Sunday, January 23, 2011

Official Blog of Lake Country Counselling moved

I'm blogging in too many places, so for those of you who have linked up to this blog, please visit our official Lake Country Counselling blog where you'll find current articles of interest on a wide variety of topics.

Friday, March 26, 2010

CODE WORD(S)

So you and your spouse have an issue that keeps coming up and often causes conflict. Problem is you both realize it's a hazard area in your marriage, but one or both of you finds yourself walking right into it, even unintentionally and there you go again - straight into conflict or hurt feelings. What can you do to avoid that?
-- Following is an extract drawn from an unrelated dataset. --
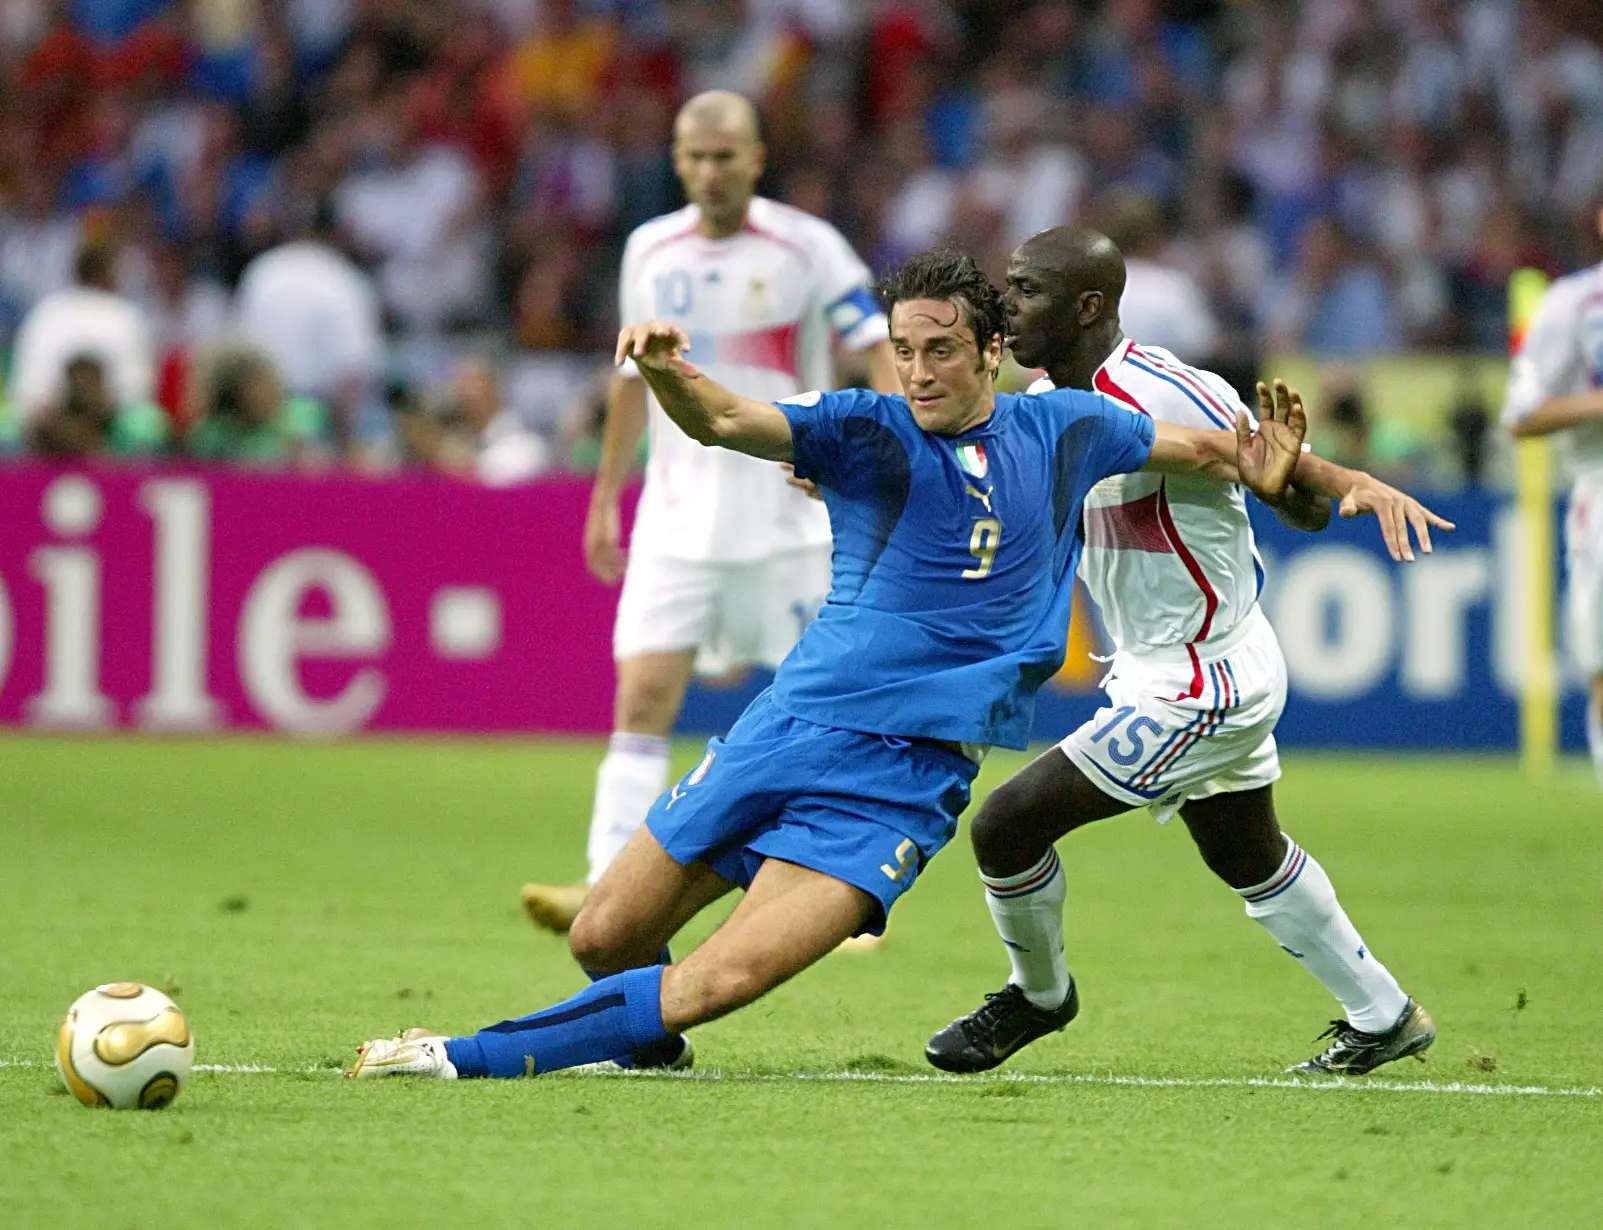 Luca Toni was part of the Italy team which won the 2006 World Cup
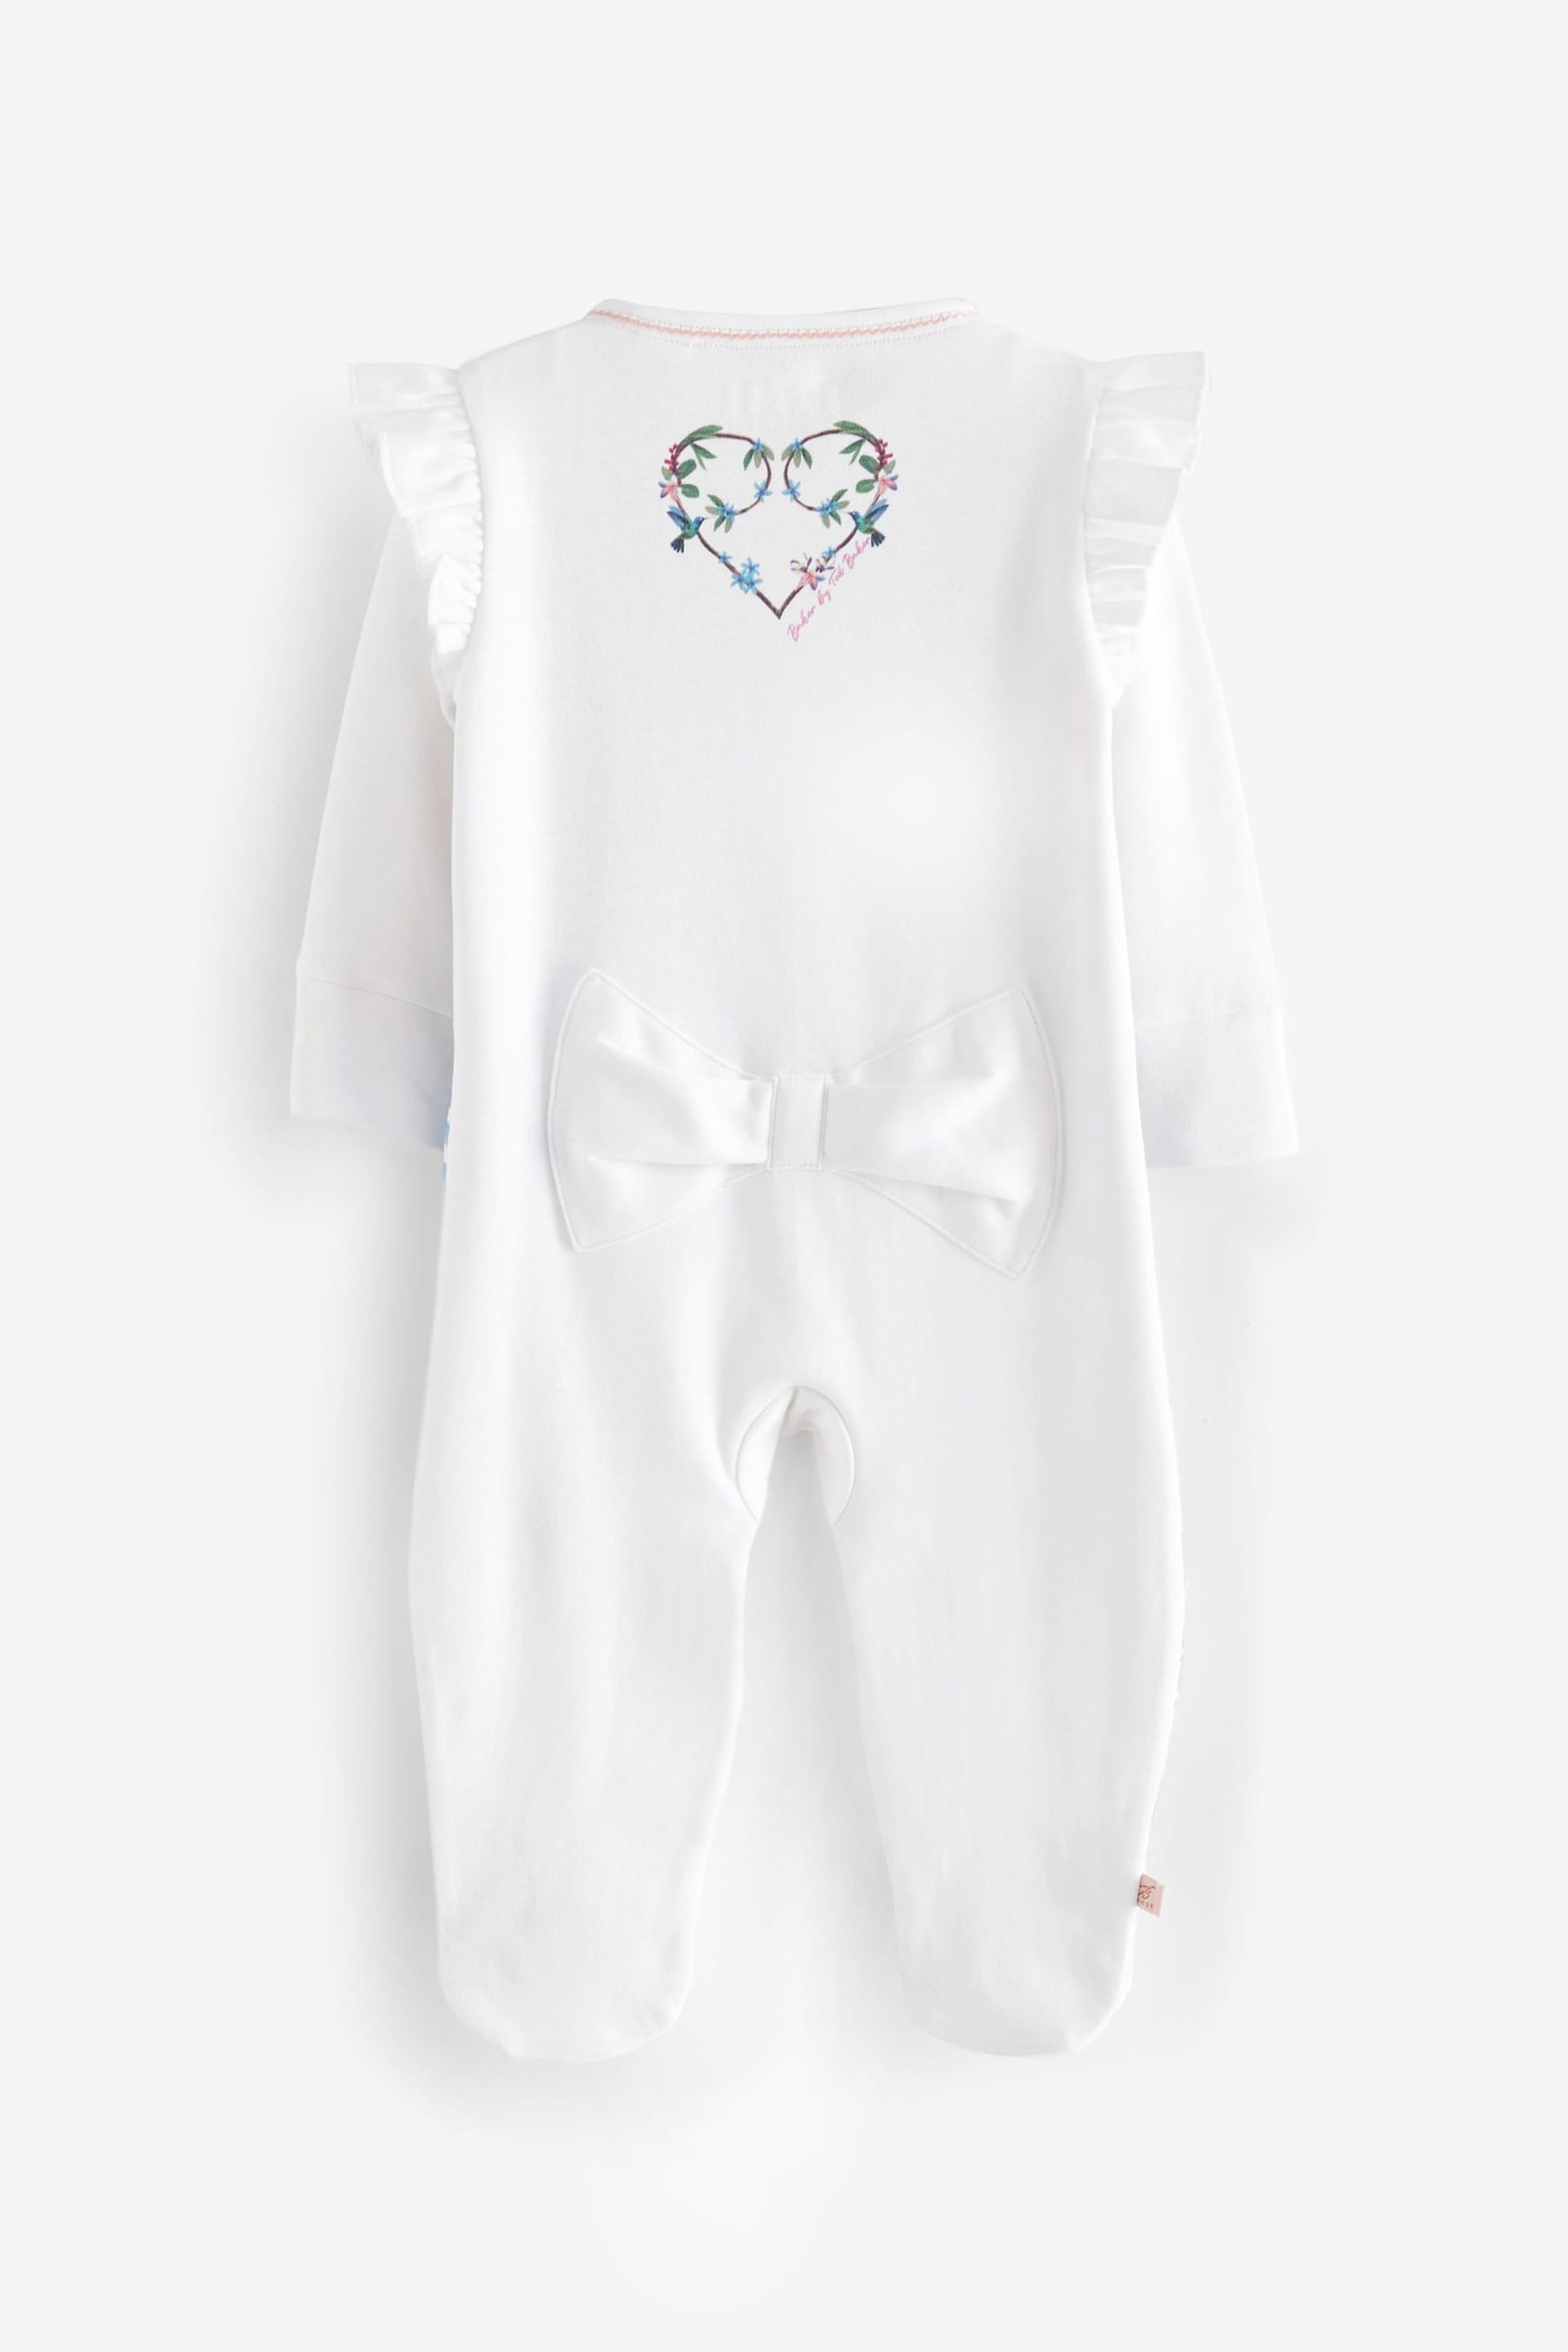 Baker by Ted Baker Mirror Floral White Sleepsuit And Hat Set - Image 2 of 5

Code Word(s). Have a talk about the issue when you are not in the heat of conflict. Say to your partner something like, "I know you don't intentionally do this, but when you do or say this or that, it makes me feel.......That usually leads to conflict in our relationship. To prevent that, I'm wondering if you would consider agreeing on a code word that I could say, when I feel that you are heading in that direction. When I say the code word, you know that you need to stop the behaviour or action immediately before it creates a problem. I would really appreciate it and feel like you respect me."
My husband and I recently escaped for a quiet weekend retreat. I have a habit of talking about work too much and becoming, let's say "obsessed" about it. I slip into it very easily, but it really bothers my husband and it often results in a intense debate. So we agreed to avoid talking about work for the weekend. Since I am the one who slips into the conversation without realizing it we agreed on the code word "take a break". Rather than my husband becoming upset or frustrated with me, which in and of itself can lead to argument, he agreed to calmly say "take a break" when I began a work related conversation. Sure enough, within the first few hours on our retreat, I began....so he said 'take a break' and I said "what?" Again he said "take a break" and then I got it, "oops, sorry" - we chuckled and changed the topic quickly. Worked like a charm! And the break from work was wonderful for both of us!


In my counseling service I encourage couples to be creative in their communication. A small step like this is a proactive solution for preventing unnecessary conflict.